Accounting firms continue to feel the pinch of the Great Resignation. The dramatic disappearance of team members and the slow trickle of qualified candidates to replace them is a trend that continues to impact our profession.
Citing issues from work-life balance to lack of clear expectations, pay and benefits, and career development, thousands of accountants and auditors have left the field in just over two years, despite heavy demand for our services. And the number of interested college students cannot keep up.
I am among those who have staunchly advocated strategic pruning as a way to meet the needs of deserving, productive clients in view of serious HR challenges. The notion of a sacrosanct client list that can never be touched has outlived its value. My recommendation is mindful, ongoing pruning that targets your least profitable and/or least strategic service lines and industries. Culling the client list is one tactic in a portfolio that may also include increased pricing, offshoring, processing centers and technology.
Land and expand
When presented with this recommendation, my clients often express concern that pruning runs counter to the goal of driving the top line. Why cut, they wonder, when compensation will be impacted, and when there’s no guarantee of replacing hard-earned revenue?
This is when I sit them down and explain the way to gain the needed confidence to move forward. It’s called the Key Client Program, an approach we used in the business development team at IBM. This initiative is based on the premise that 80% of revenue typically comes from 20% of clients.
The program centers on identifying undiscovered potential from top clients as you weed out those with far less potential. This could lead, for example, to a multi-thousand-dollar opportunity with a favored client that you could not have seen had your path been strewn with one-off-engagement clients, the type for whom you prepare an annual 1040 and nothing else.
A Key Client Program is an institutionalized process.
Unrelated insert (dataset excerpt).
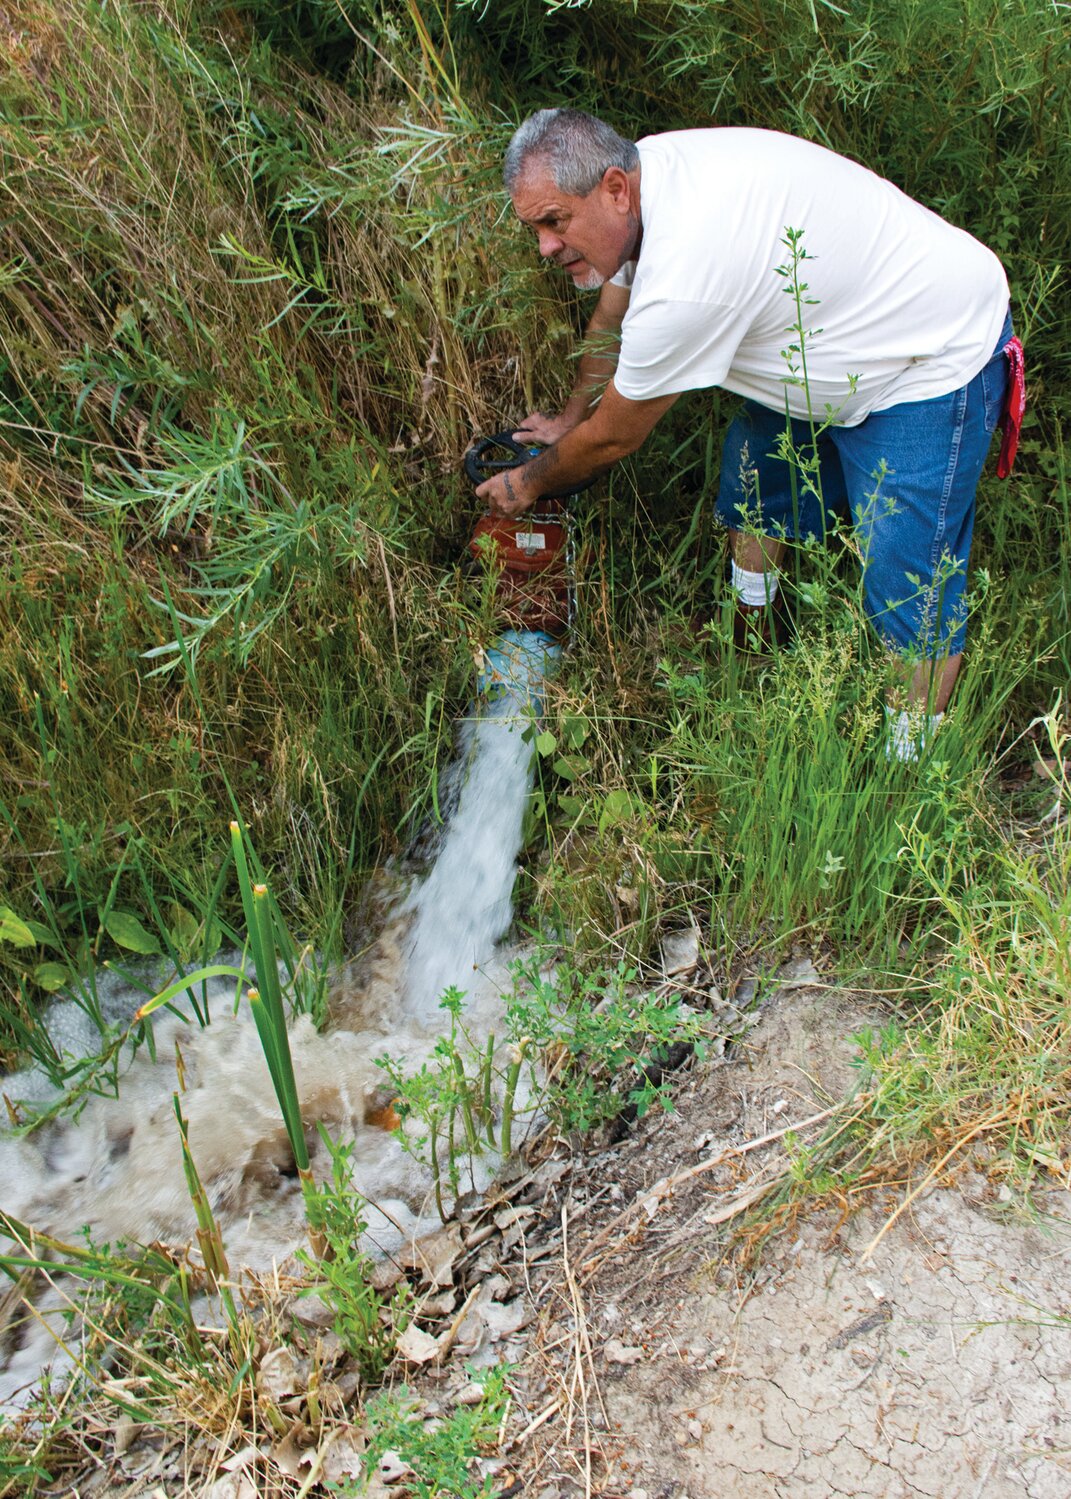 Mayordomo Harvey Vigil of Las Acequias de Placitas monitors the flow of irrigation water coming for Ciruela tank and springs on a separate ditch that meet here.

For a midsized firm, for example, a productive cadence could be achieved by devoting one day per quarter to strategically reviewing eight to 10 clients, or about 40 per year. It involves a one-page summary, prepared by the partner leader, laying out the client’s organization chart, brief history, major strategies and relationship dynamics with our firm. What follows is brainstorming around relationship expansion and associated revenue potential. Clients “at risk” are reviewed as well, to enable shoring up the client experience.
I recommend that each key client that is identified has an executive sponsor, who is a firm leader (think CFO, COO or CHRO) not directly involved with the client. This enables you to break through to top C-level people, instead of being stuck with only one advocate and point of view regarding the strategic direction and related needs across the company. It expands the relationship to the entity-to-entity level, a very powerful approach indeed.
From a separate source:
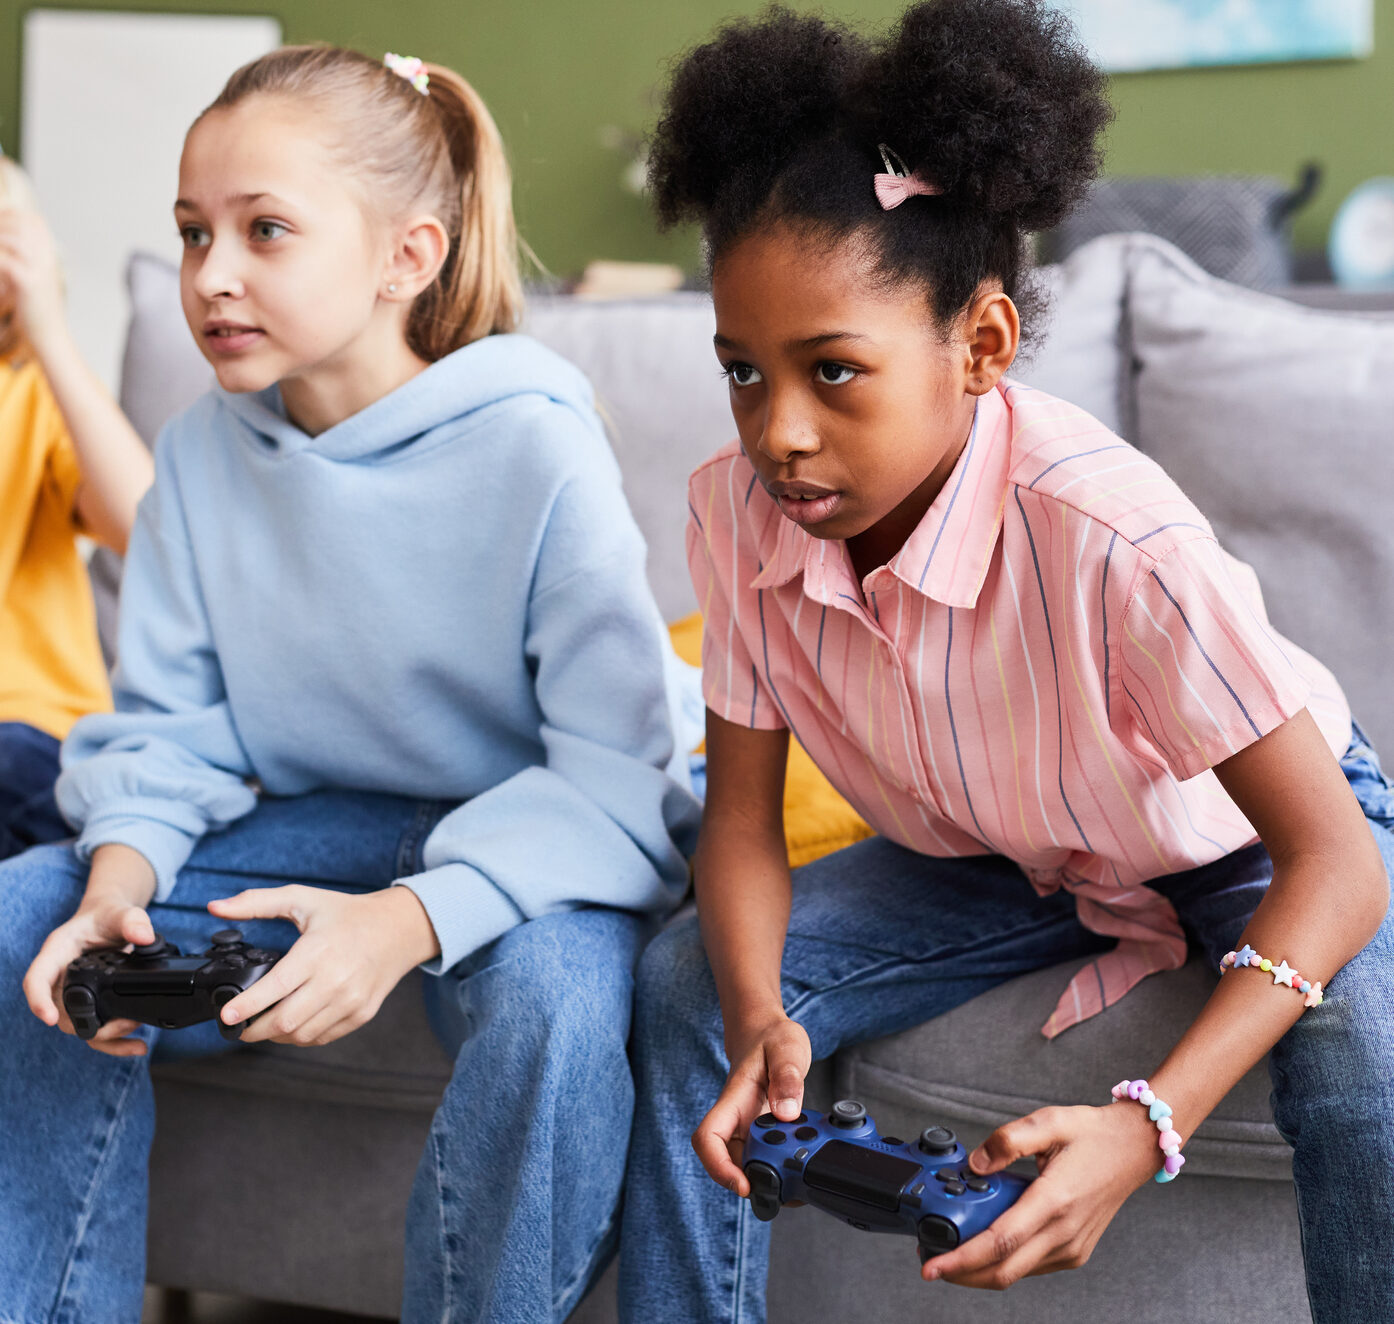 Video Games Can Benefit Your Child's Brain Development

Select a partner leader to run the Key Client Program — one who is especially known for developing their own clients. The starting point is putting a defined fence around this client group, analyzing the revenue and projected year-over-year revenue growth goals from the clients as a group. Then start down the road creating/executing a program for achievement. Some thoughts:
- Executive sponsor: An annual/semiannual visit on the top C-person/people to hear about strategic direction and possible collaboration.
- Exclusive opportunities: Such as advantaged pricing, attendance at special events and participation in early adopter programs.
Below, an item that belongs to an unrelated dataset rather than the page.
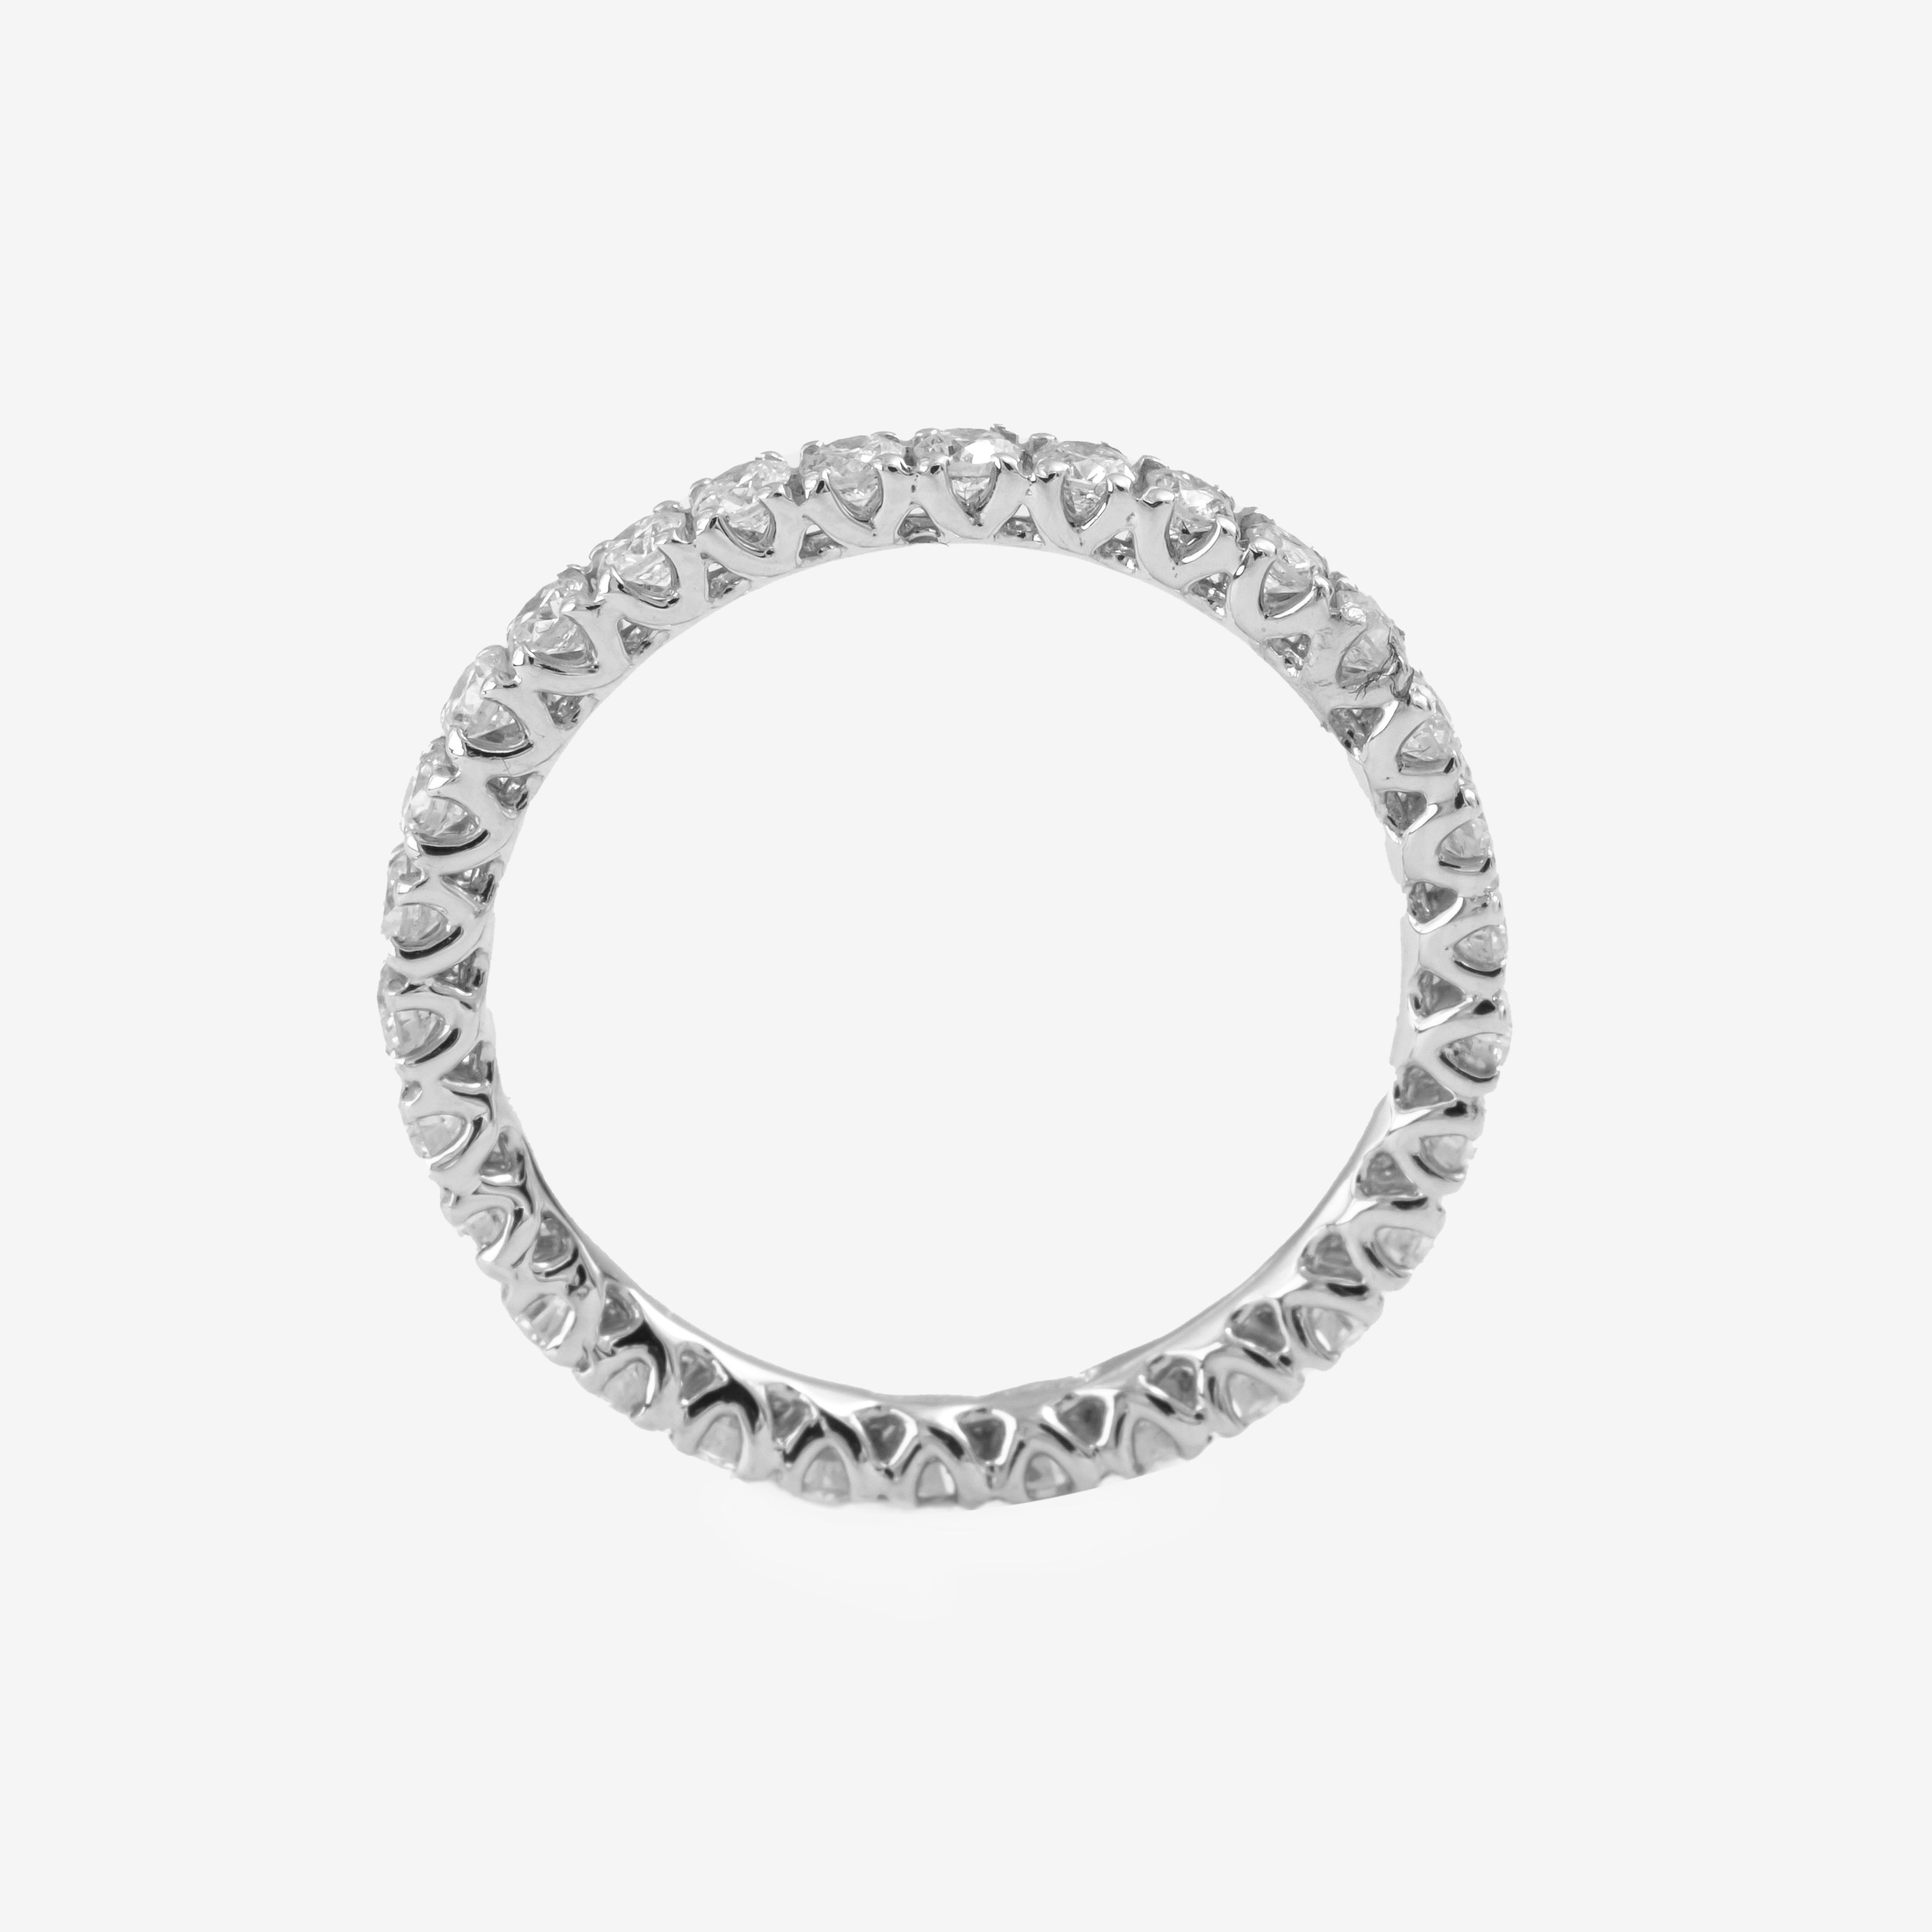 White Gold Eternity Ring with White Diamonds 0.40ct

- Strengthen firm ties: Not only involvement by the executive sponsor, but your industry and advisory services leaders and others. Invite the client to have a session with your staff about issues in their industry. Create an advisory council of two to three clients who are within your industry or service line. Host occasional advisory lunches that draw on their perspectives. Have them present at a partner meeting or a client event.
By the way, this last point was the major reason we won a multimillion-dollar contract in a highly competitive situation, because we discovered the decision-maker was motivated to be a thought leader in his profession and was honored to speak at our client events.
My hydrangea
I’ve written before about my beloved, overgrown hydrangea bush, the one I could never bear to prune — the one my husband continued to notice with its barren condition! For too long, I couldn’t bring myself to trim it back. How could less be more of something I so loved?
Yet once I found the courage to remove the dry, dead growth, the plant began to flourish, soaking up light and moisture where it was needed most, unrestricted by tangled vines and branches. It began to do more than live; it began to thrive. So, too, will your firm rise to the light.
Dare to prune, and dare to invest in a process that will fuel that growth in ways you never imagined.